Start of Block

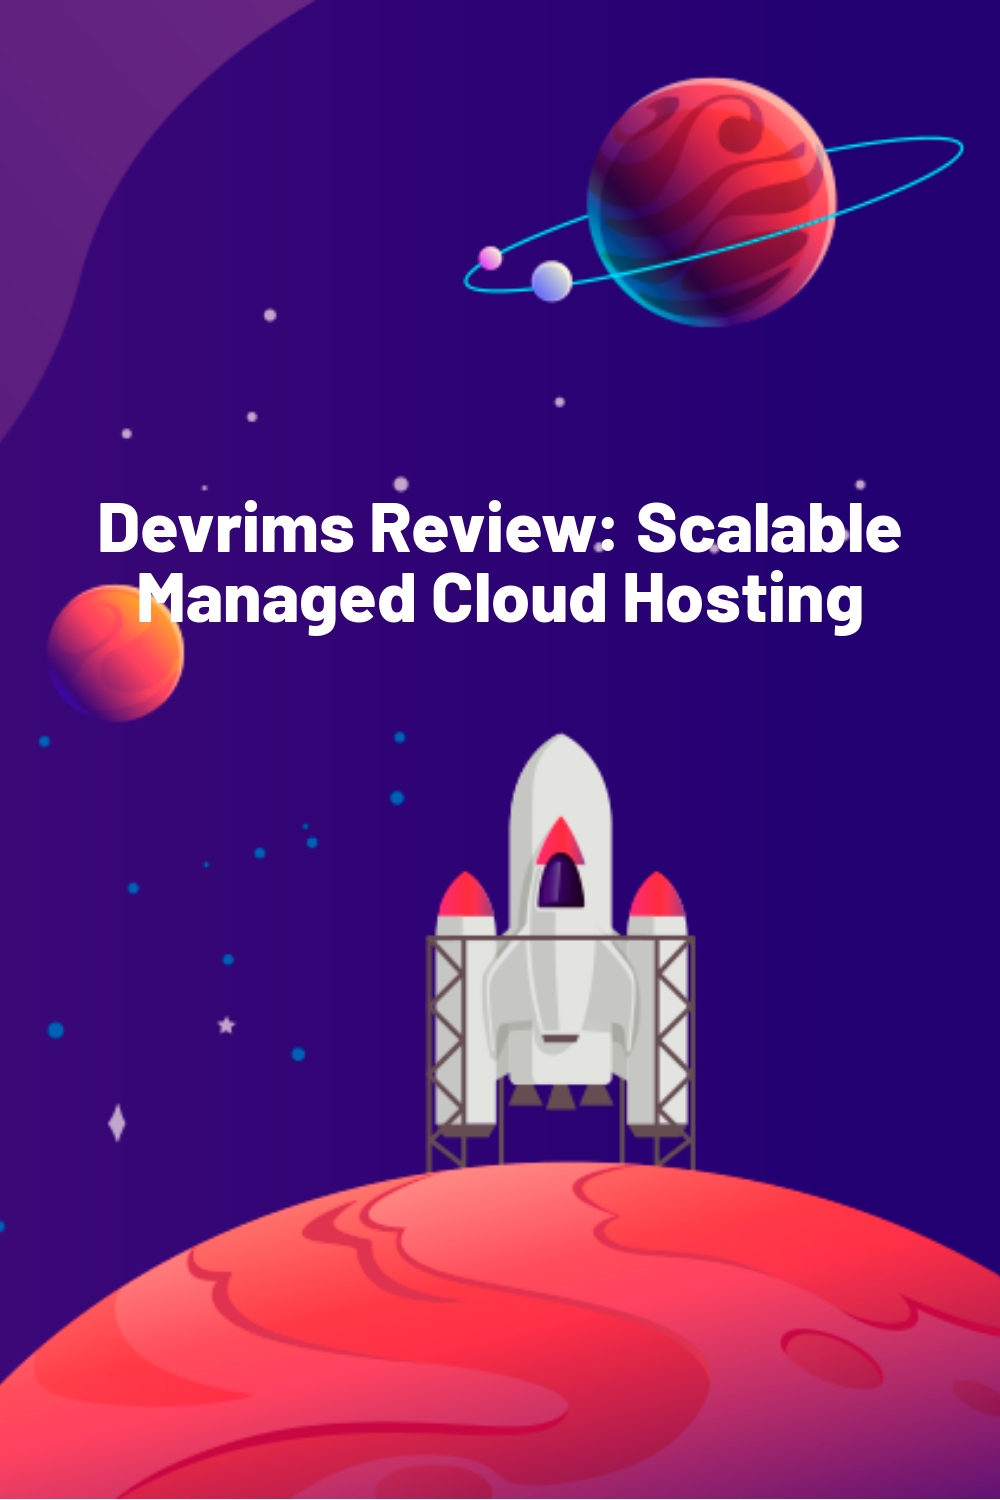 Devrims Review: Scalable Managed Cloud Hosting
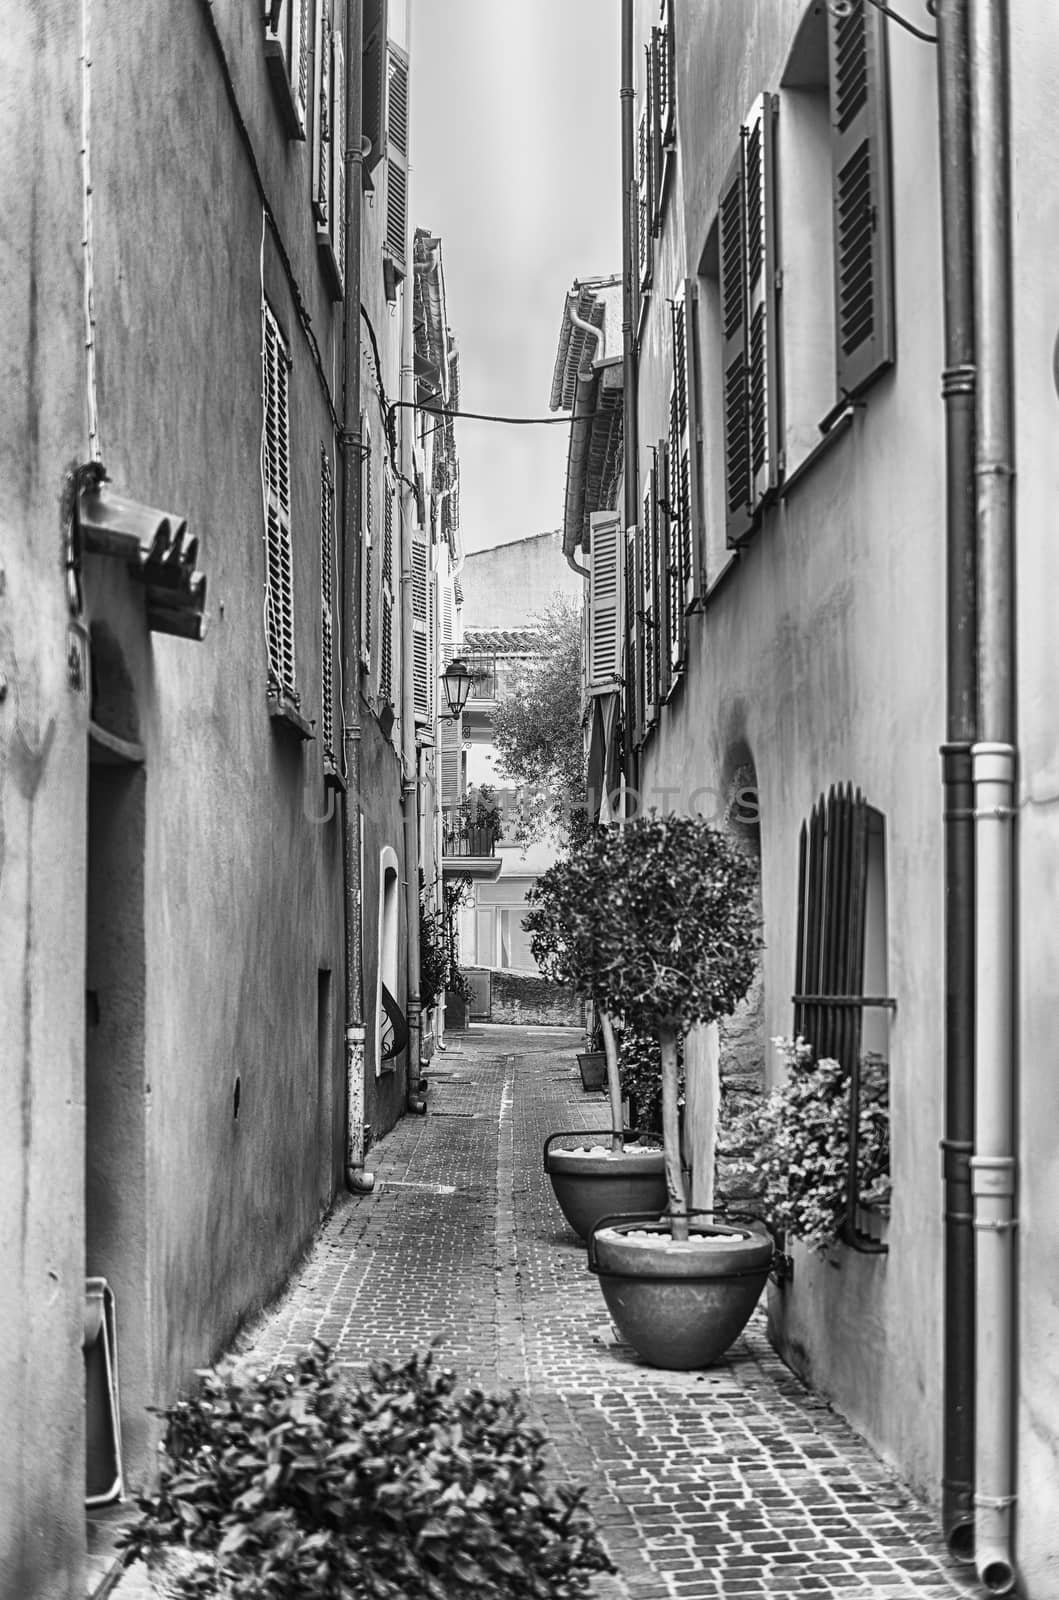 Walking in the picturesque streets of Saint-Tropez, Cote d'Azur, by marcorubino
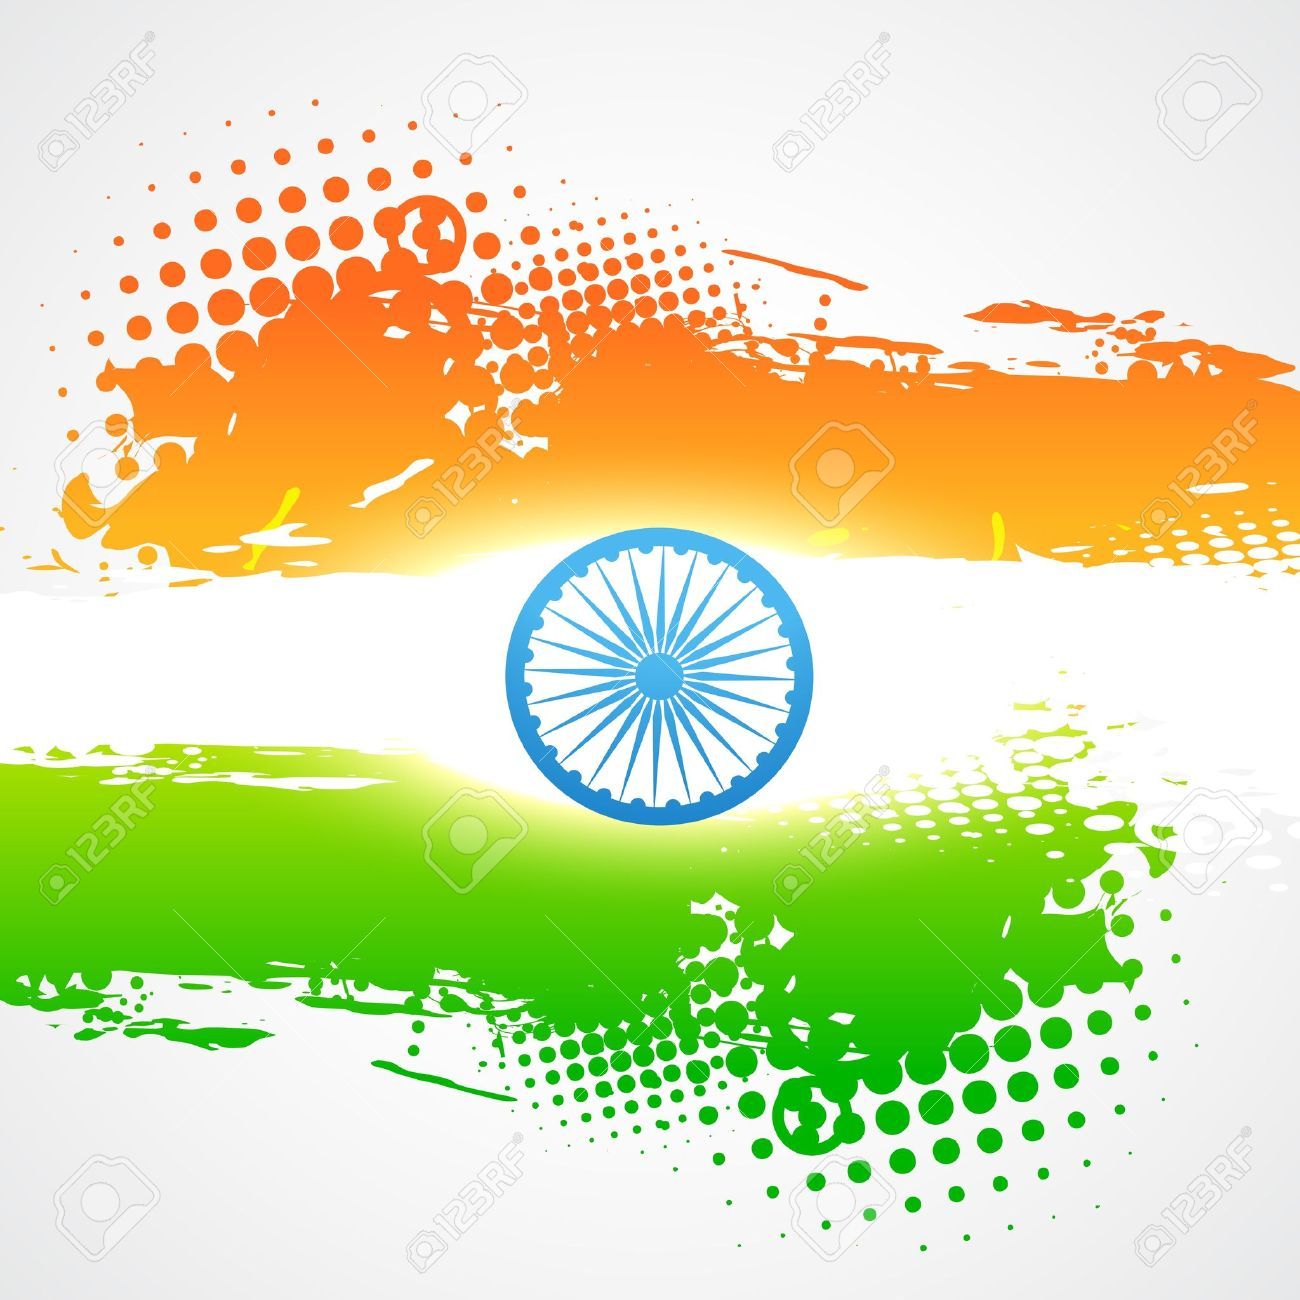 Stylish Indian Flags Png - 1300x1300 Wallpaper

End of Block

▶ _Problem description_
Output nothing but the lines from the one containing "Walking in the" to the end of the listing, both ends included, reproduced exactly. Pictures stay out.

▶ _Solution to this exercise_
 Walking in the picturesque streets of Saint-Tropez, Cote d'Azur, by marcorubino
 Stylish Indian Flags Png - 1300x1300 Wallpaper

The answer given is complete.